==== COLLECTED DATA
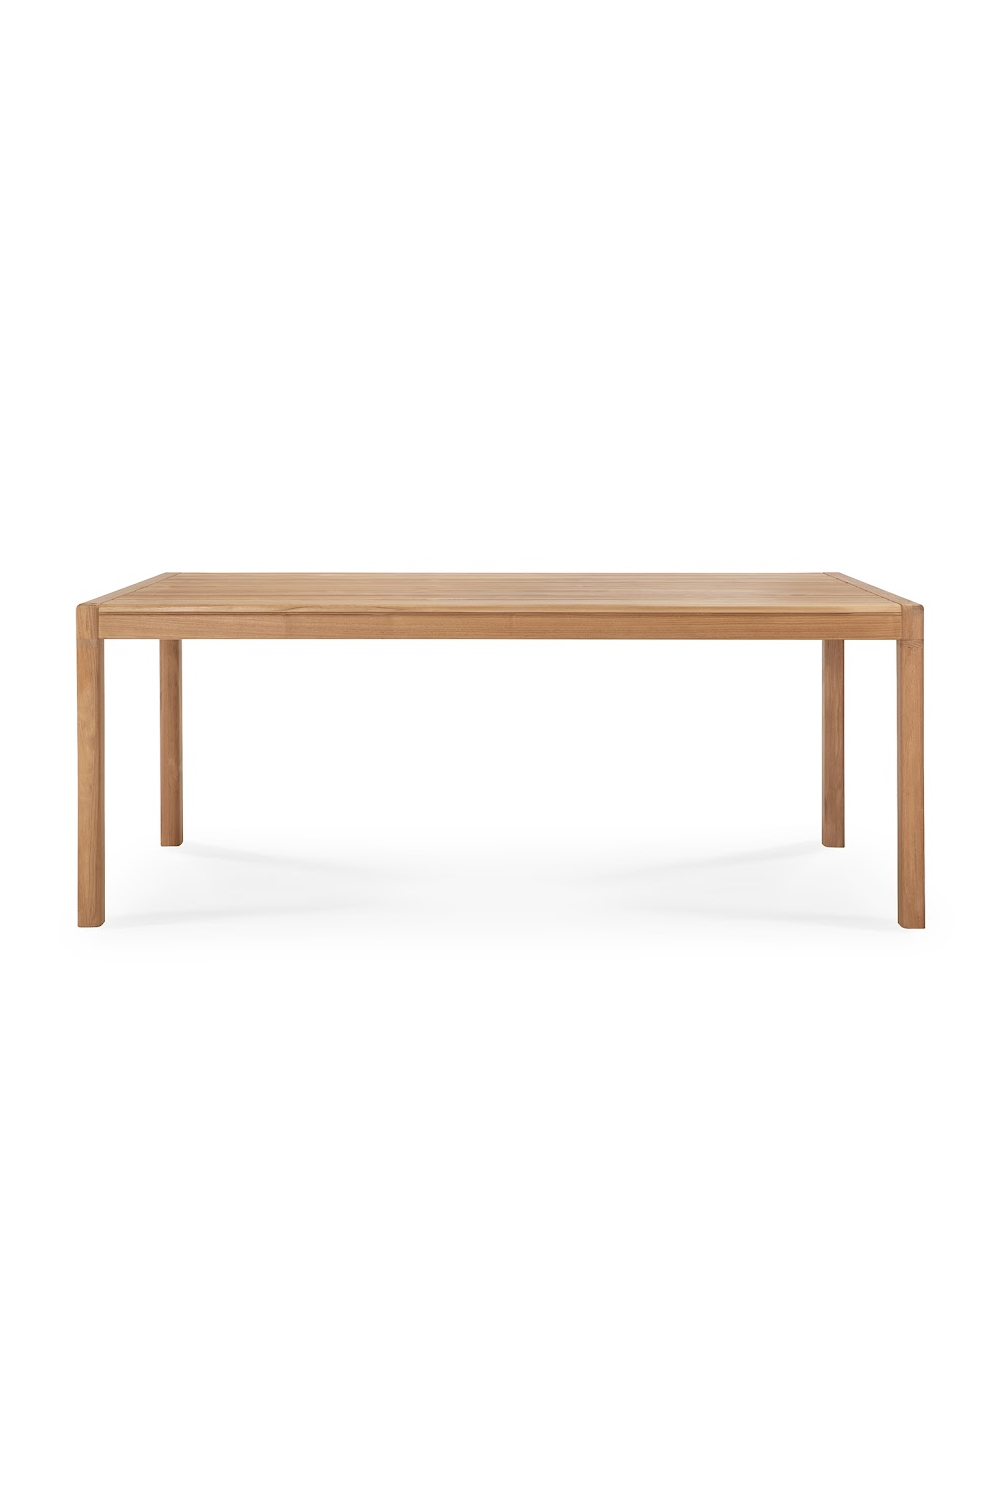 Solid Teak Outdoor Dining Table | Ethnicraft Jack | Oroa.com
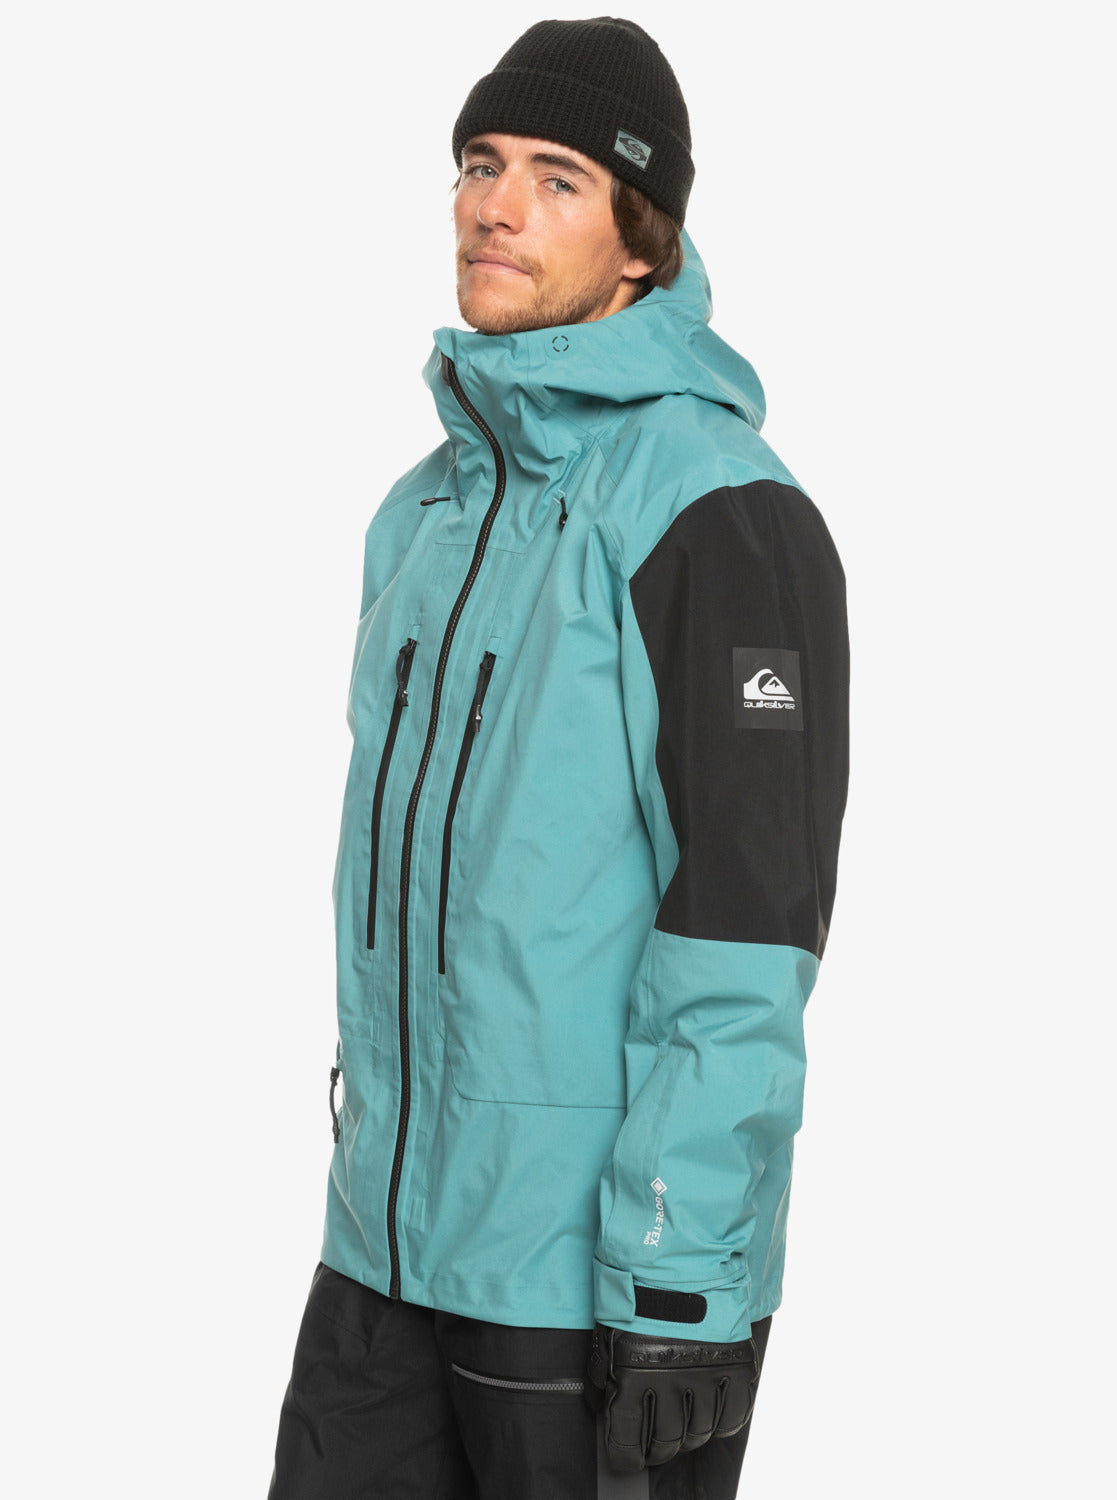 Highline Pro Travis Rice 3L Gore-Tex® Technical Snow Jacket - Brittany
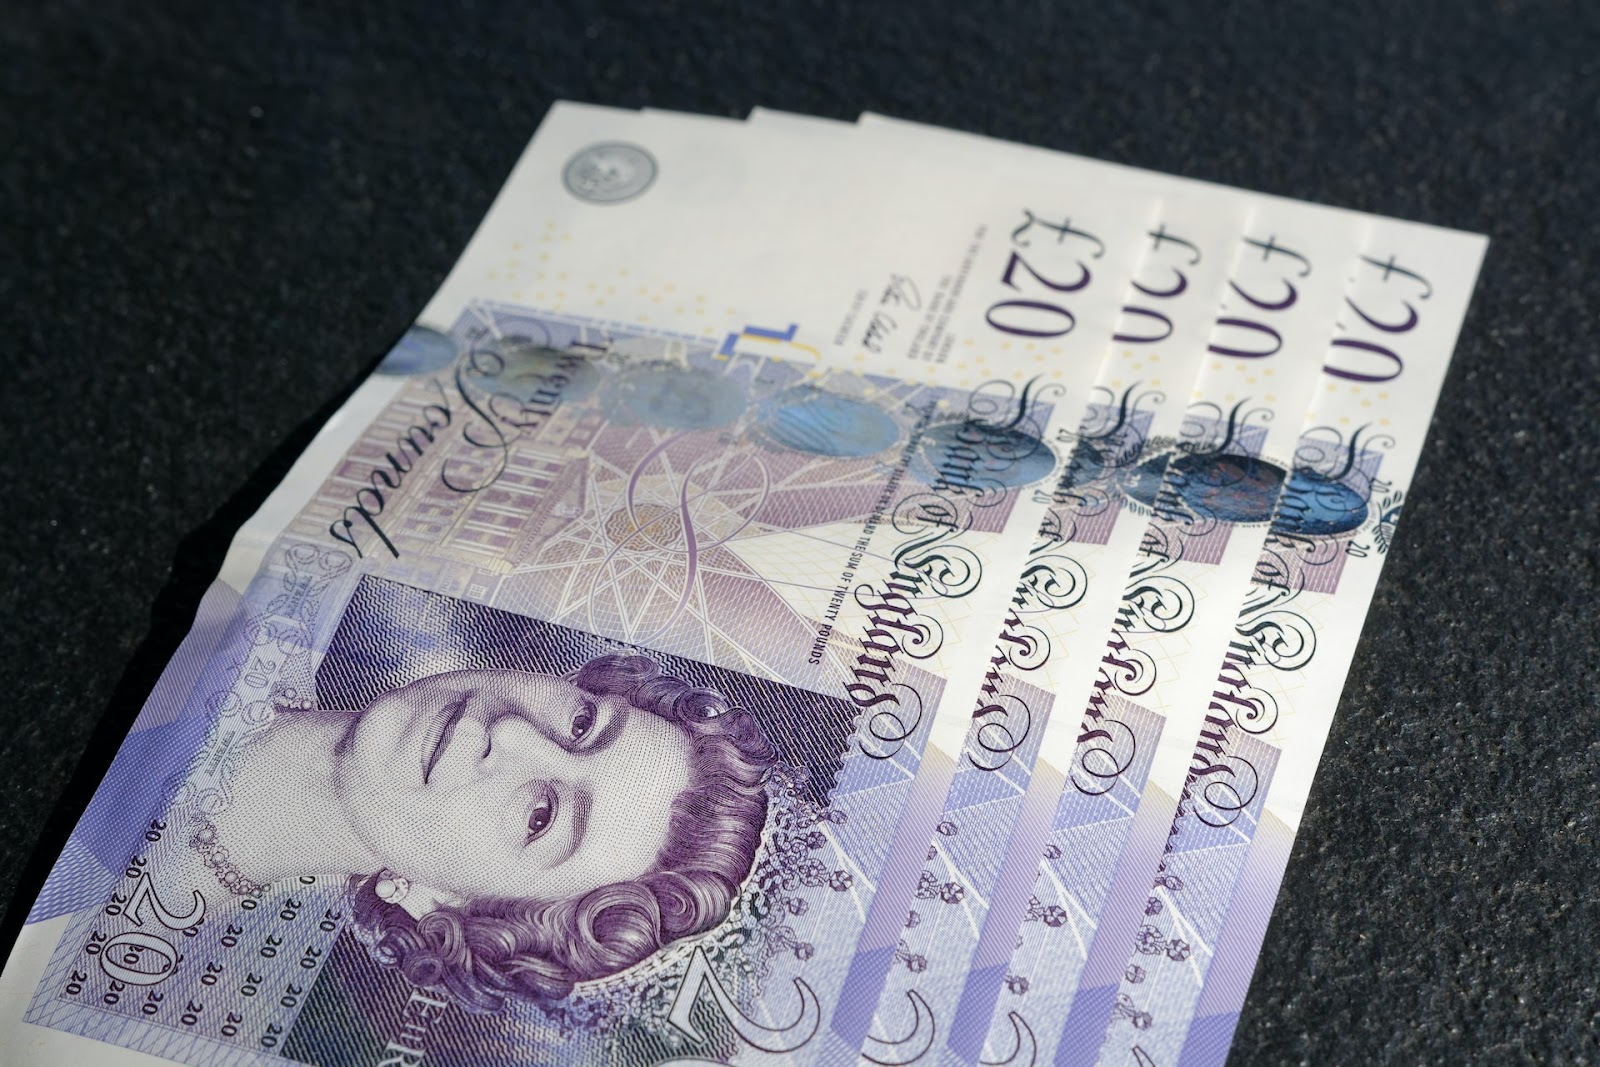 A row of £20 notes
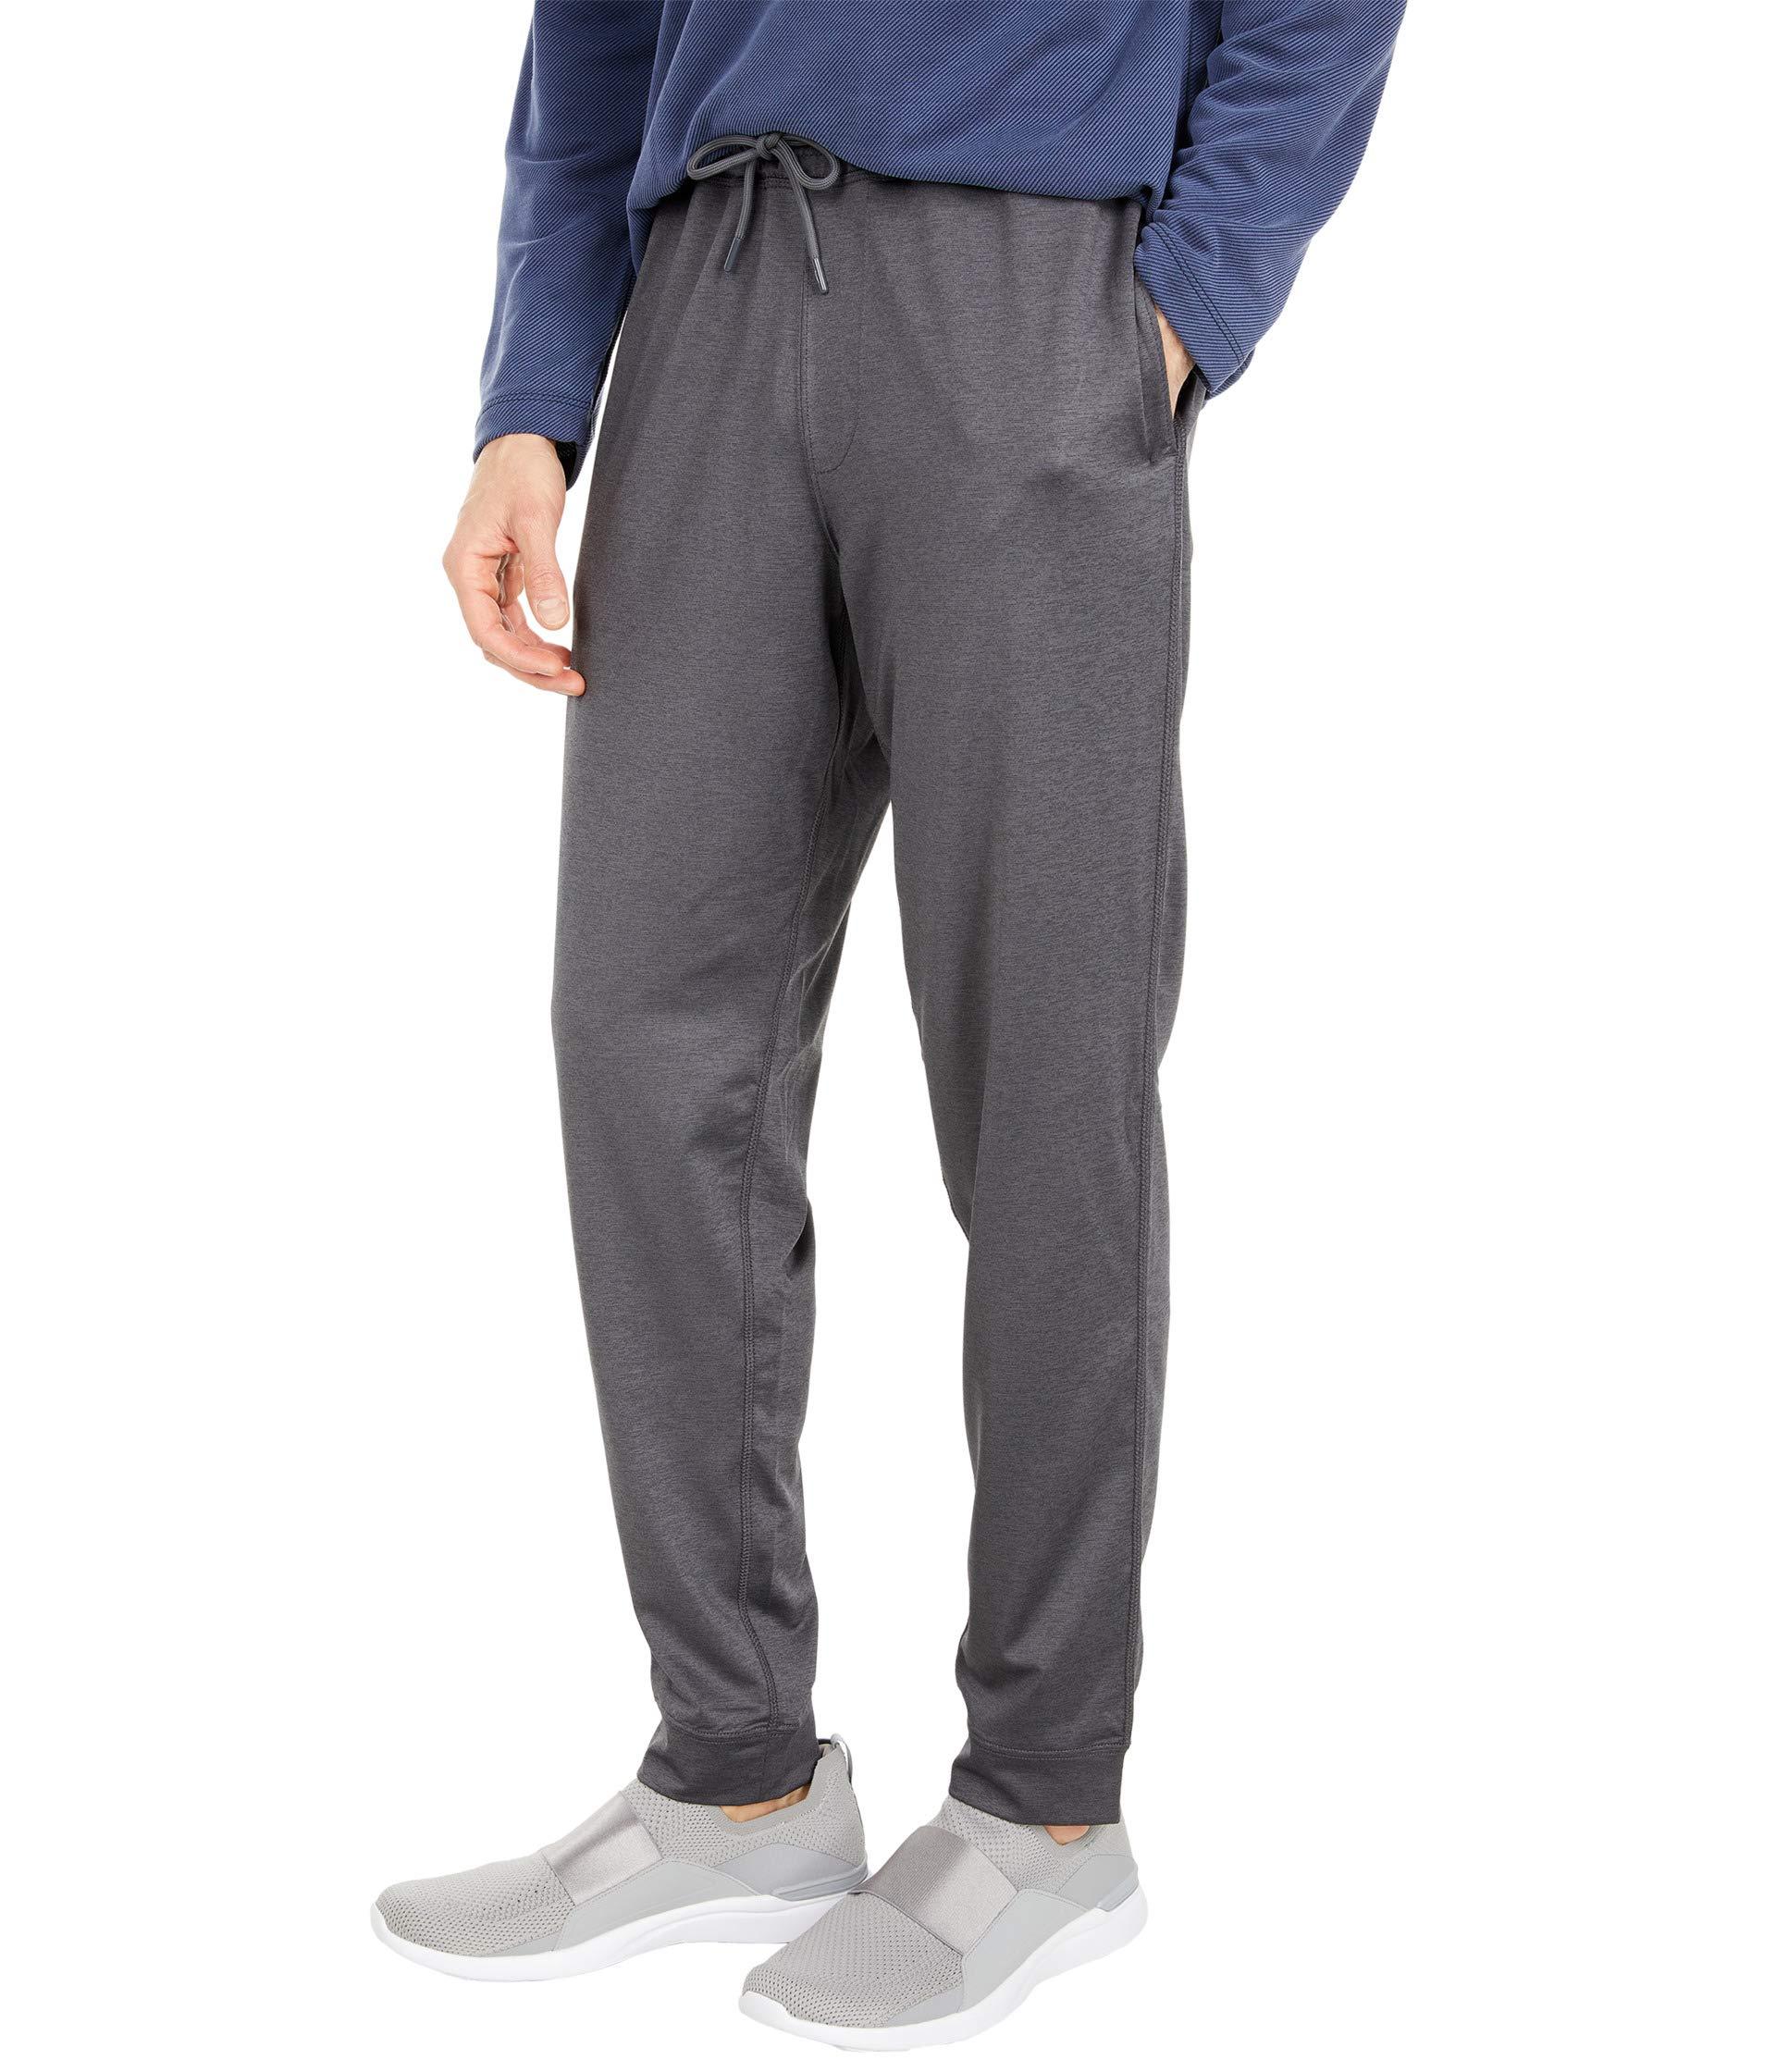 Tommy Bahama Synthetic Paseo Joggers in Gray for Men - Lyst
========
▶ [WHAT IS EXPECTED] Copy out the lines above in full and unaltered, apart from the pictures.

▶ [EXPECTED ANSWER]
 Solid Teak Outdoor Dining Table | Ethnicraft Jack | Oroa.com
 Highline Pro Travis Rice 3L Gore-Tex® Technical Snow Jacket - Brittany
 A row of £20 notes
 Tommy Bahama Synthetic Paseo Joggers in Gray for Men - Lyst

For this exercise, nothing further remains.